====== SOURCE DATA ======

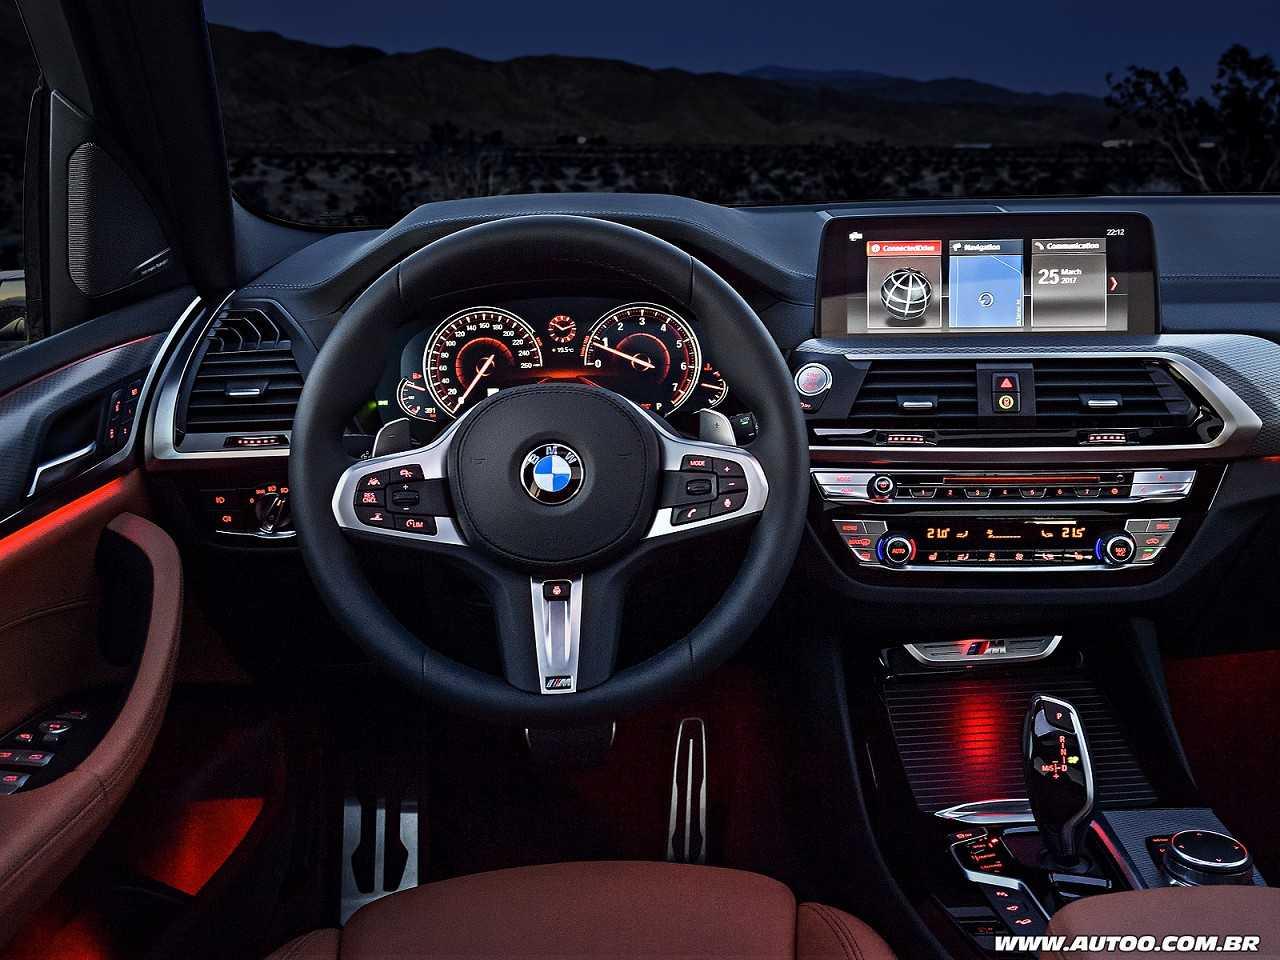 BMW X5 - Foto 4 de 7 - 1280 x 960 pixels - AUTOO
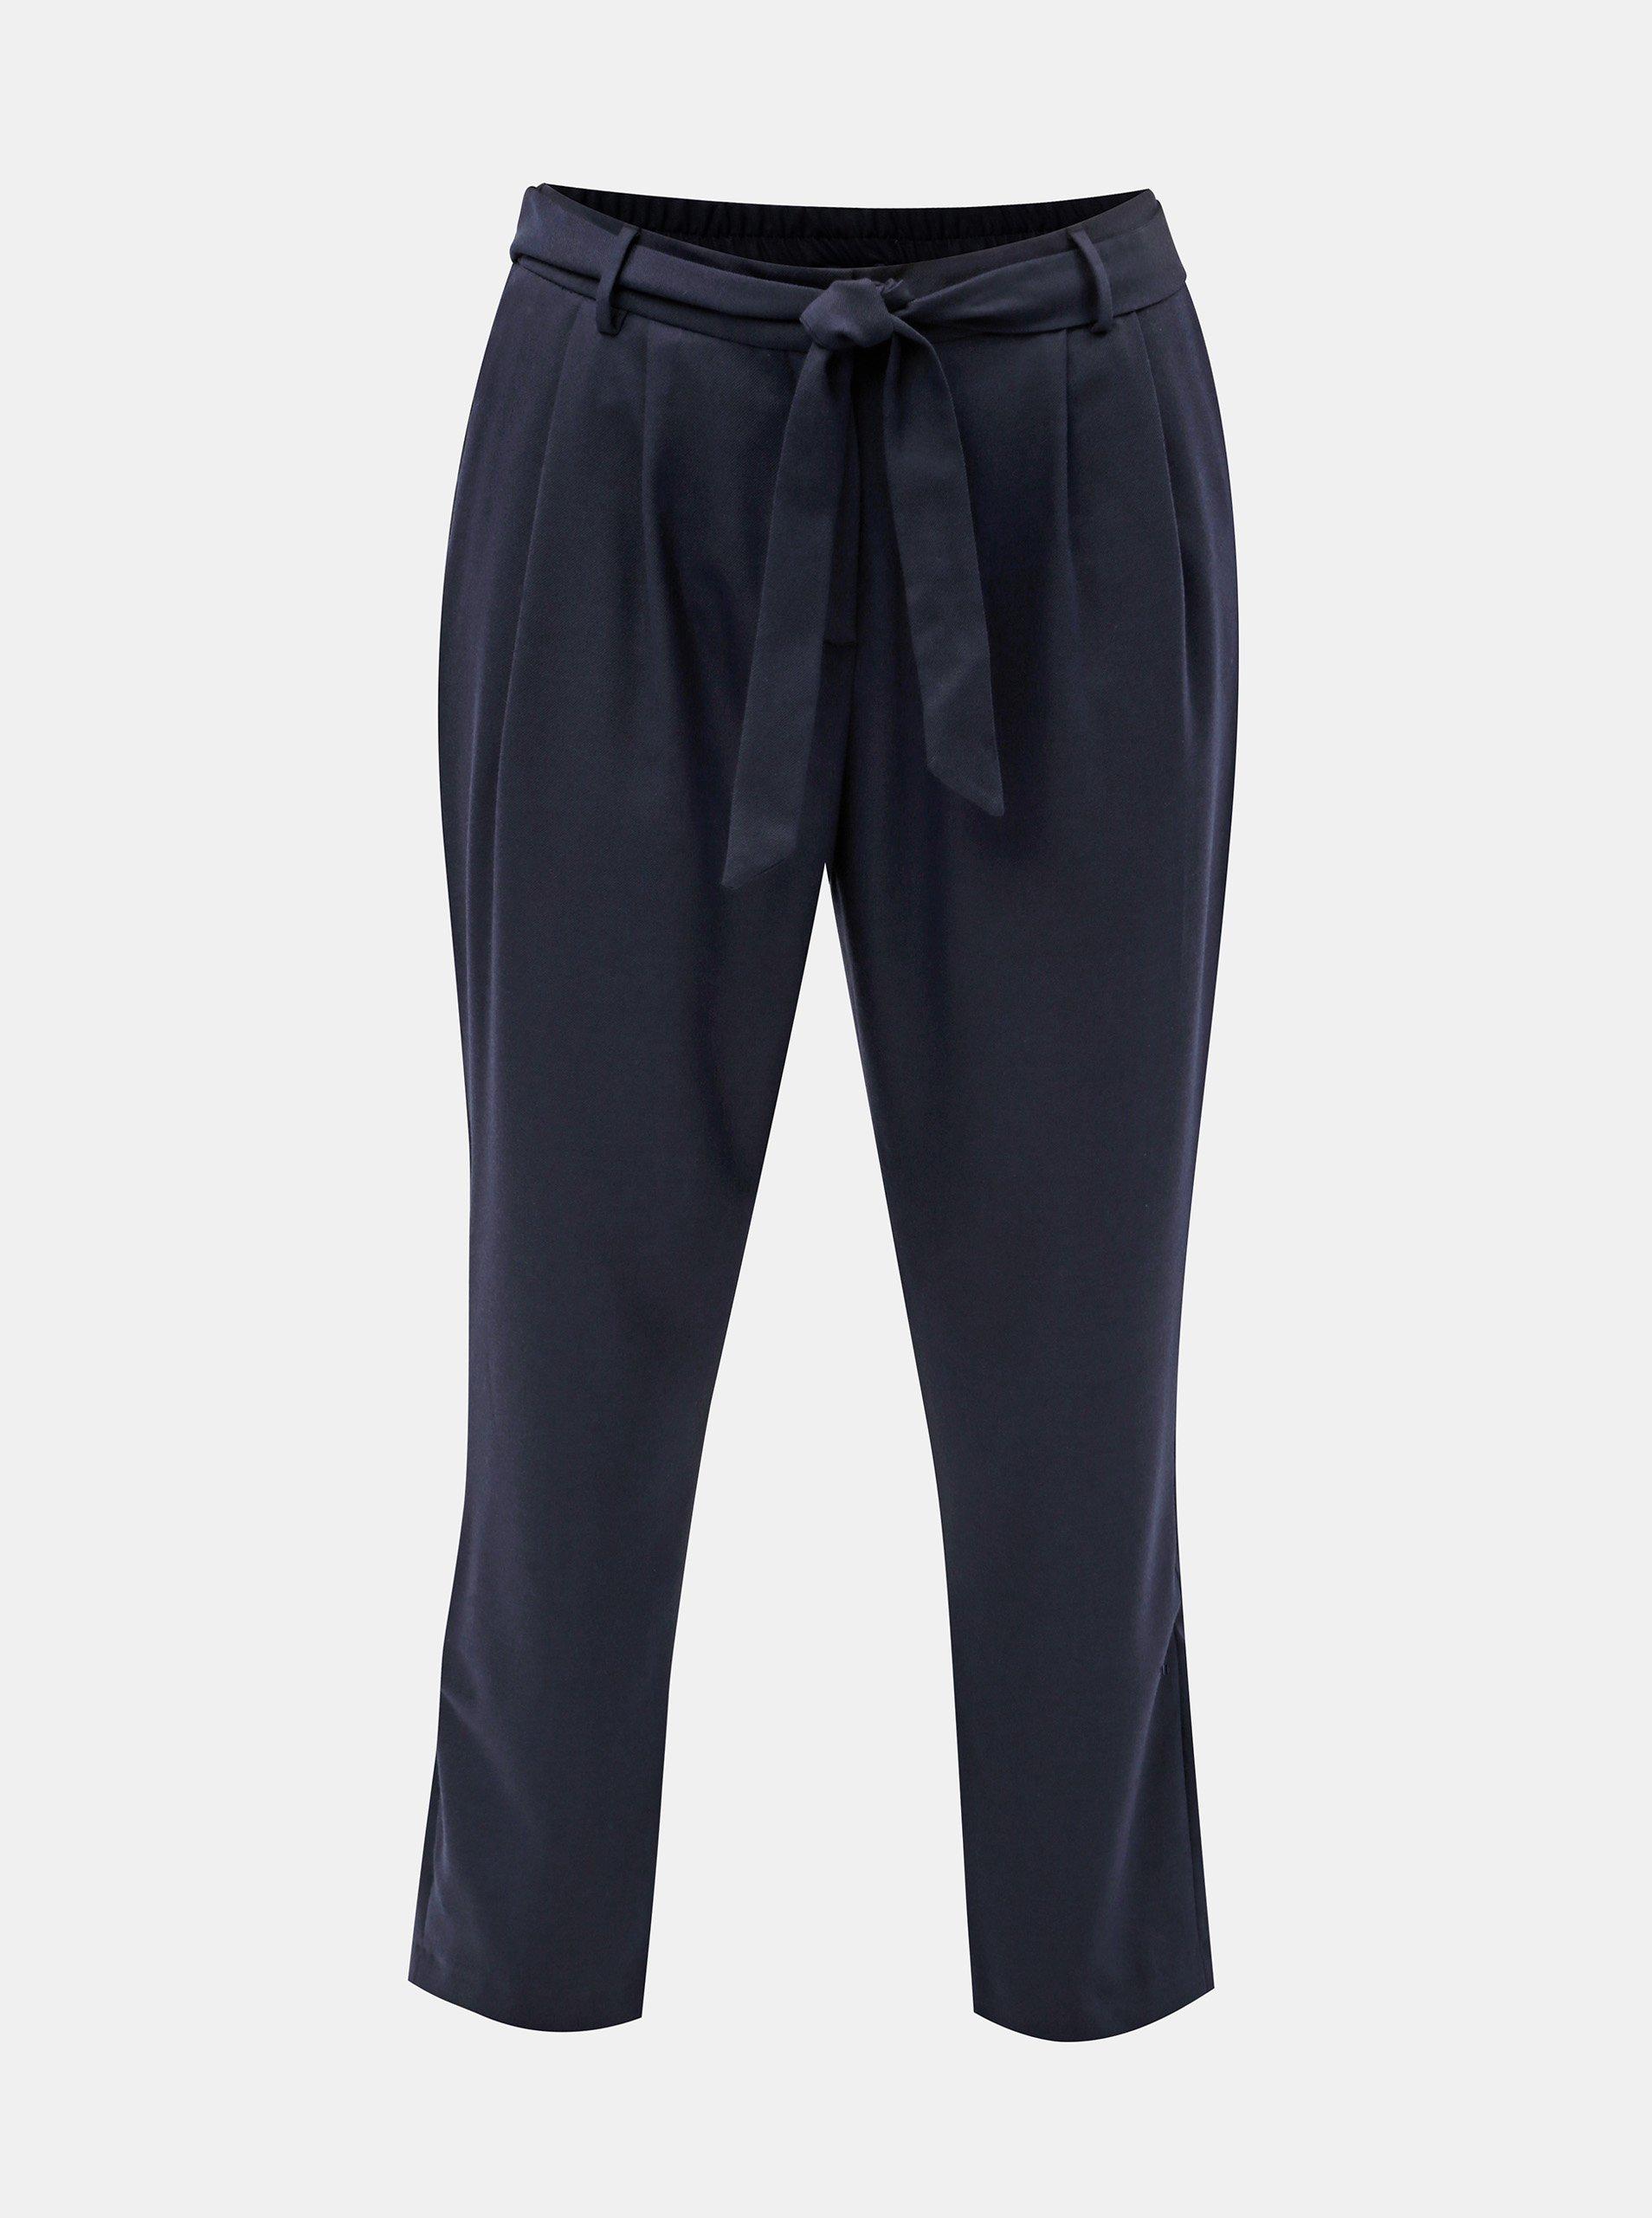 Tmavě modré zkrácené kalhoty s příměsí vlny Selected Femme Bio
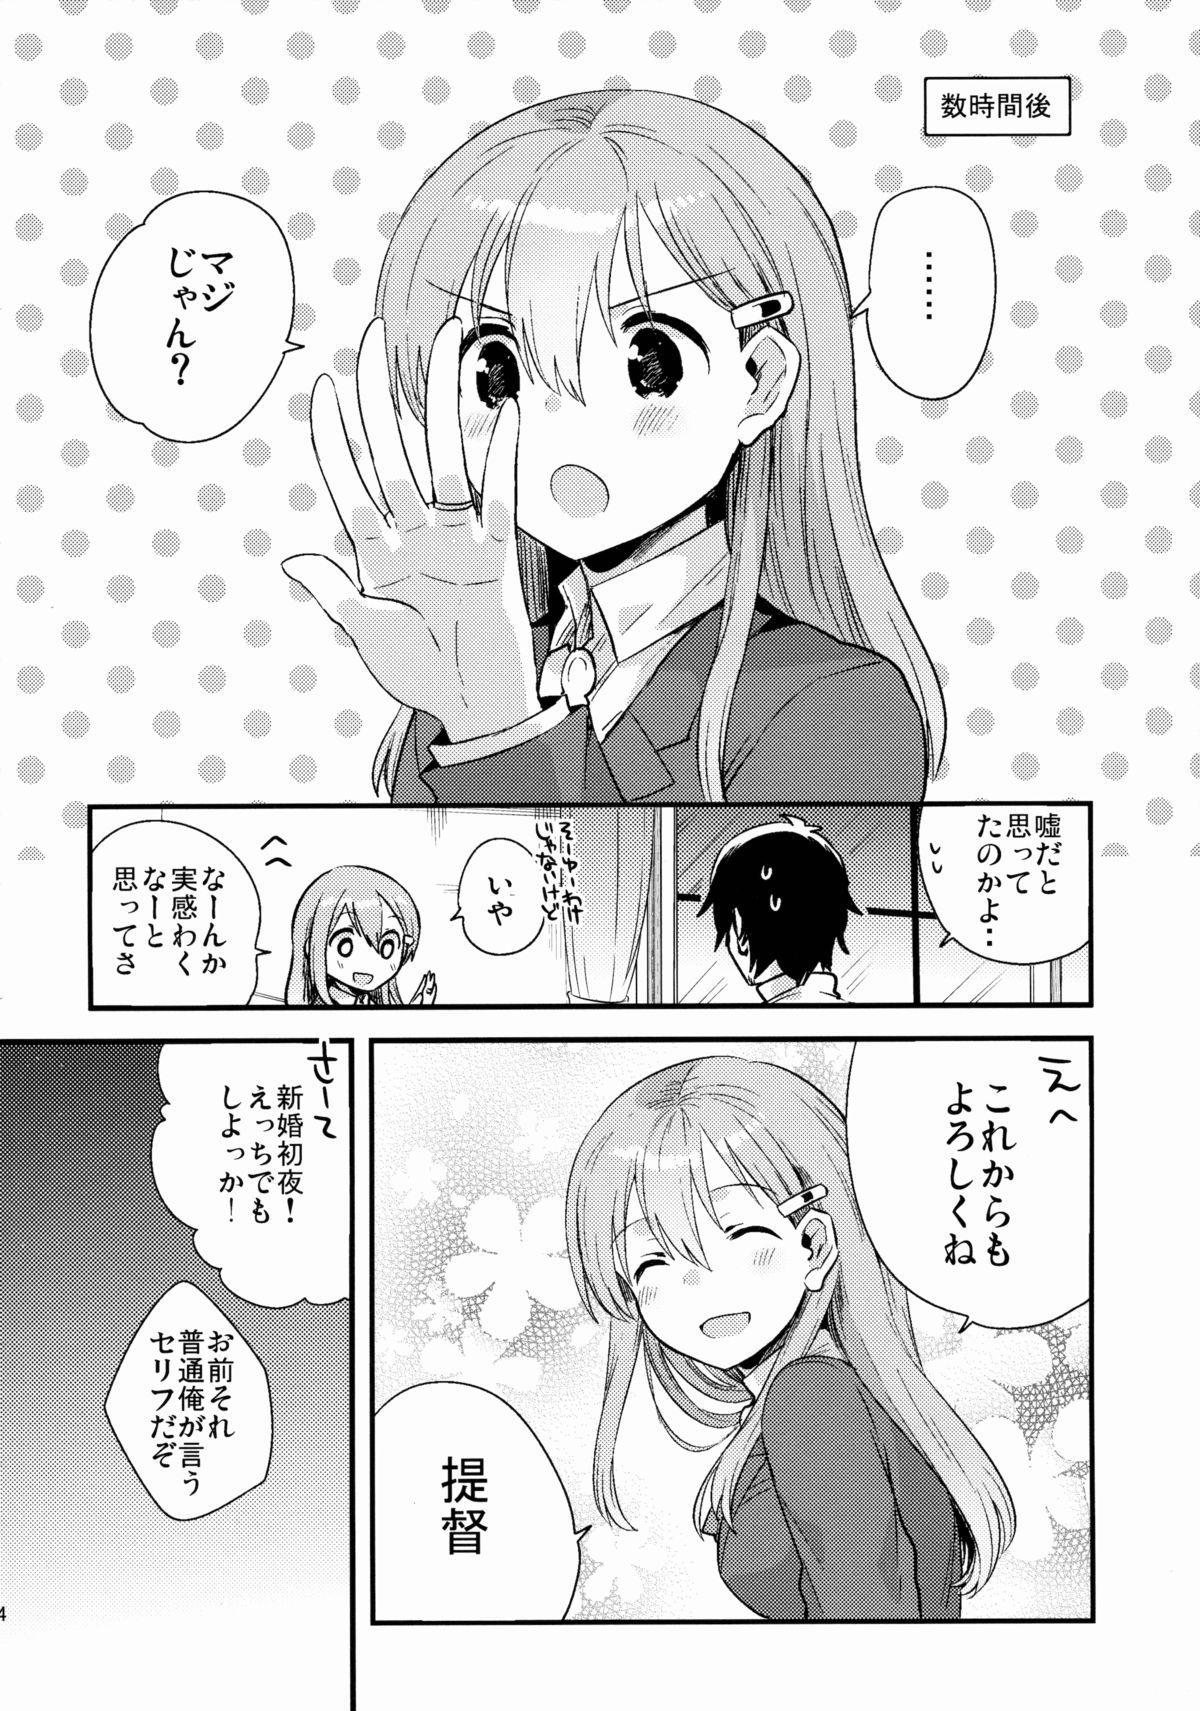 Teitoku, Suzuya to Tsukiawanai? 22

======

* _DESCRIPTION OF THE TASK_:
Leave out the pictures. Transcribe the rest of the listing above exactly.

* _PROBLEM SOLUTION_:
 BMW X5 - Foto 4 de 7 - 1280 x 960 pixels - AUTOO
 Tmavě modré zkrácené kalhoty s příměsí vlny Selected Femme Bio
 Teitoku, Suzuya to Tsukiawanai? 22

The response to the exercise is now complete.